## Aim of the exercise
Only the lines that contain the string "Diana" belong in the answer; pull them from the records.
::: Dataset excerpts :::
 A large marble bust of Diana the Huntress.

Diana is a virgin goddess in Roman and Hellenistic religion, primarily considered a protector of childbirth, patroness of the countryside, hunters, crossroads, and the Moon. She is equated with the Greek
:::
::: Dataset excerpts :::
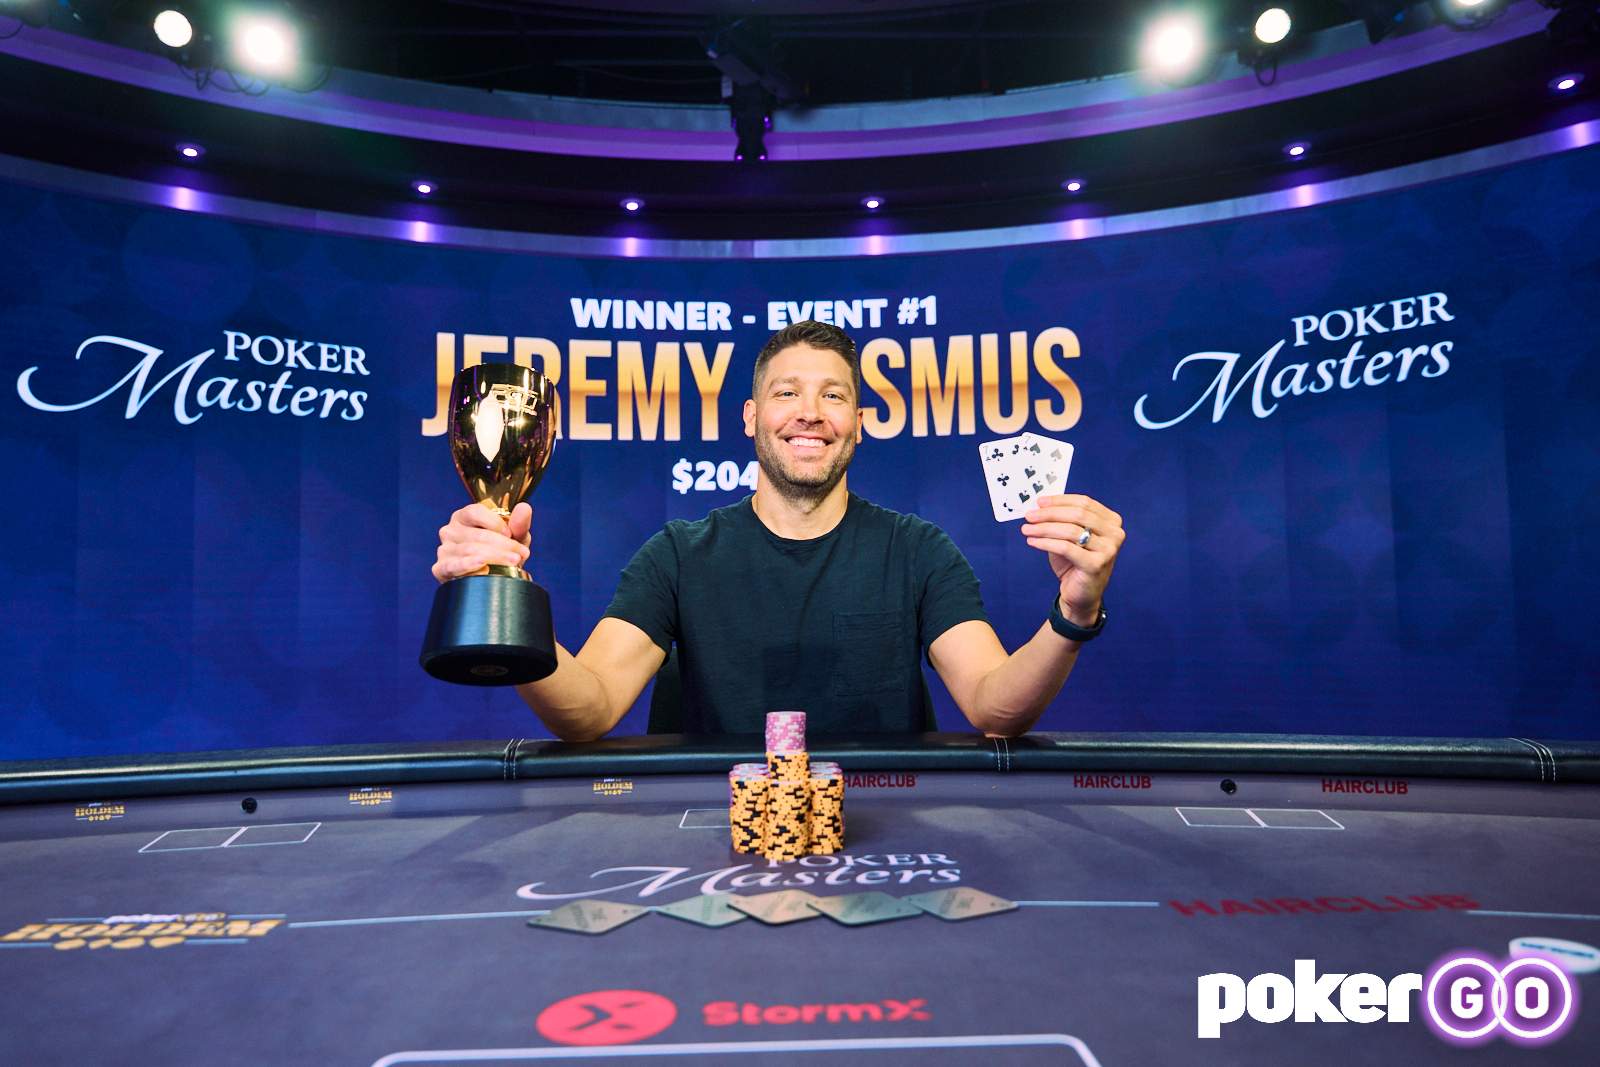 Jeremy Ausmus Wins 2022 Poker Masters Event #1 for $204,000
:::
## Exercise answer
 A large marble bust of Diana the Huntress.
Diana is a virgin goddess in Roman and Hellenistic religion, primarily considered a protector of childbirth, patroness of the countryside, hunters, crossroads, and the Moon. She is equated with the Greek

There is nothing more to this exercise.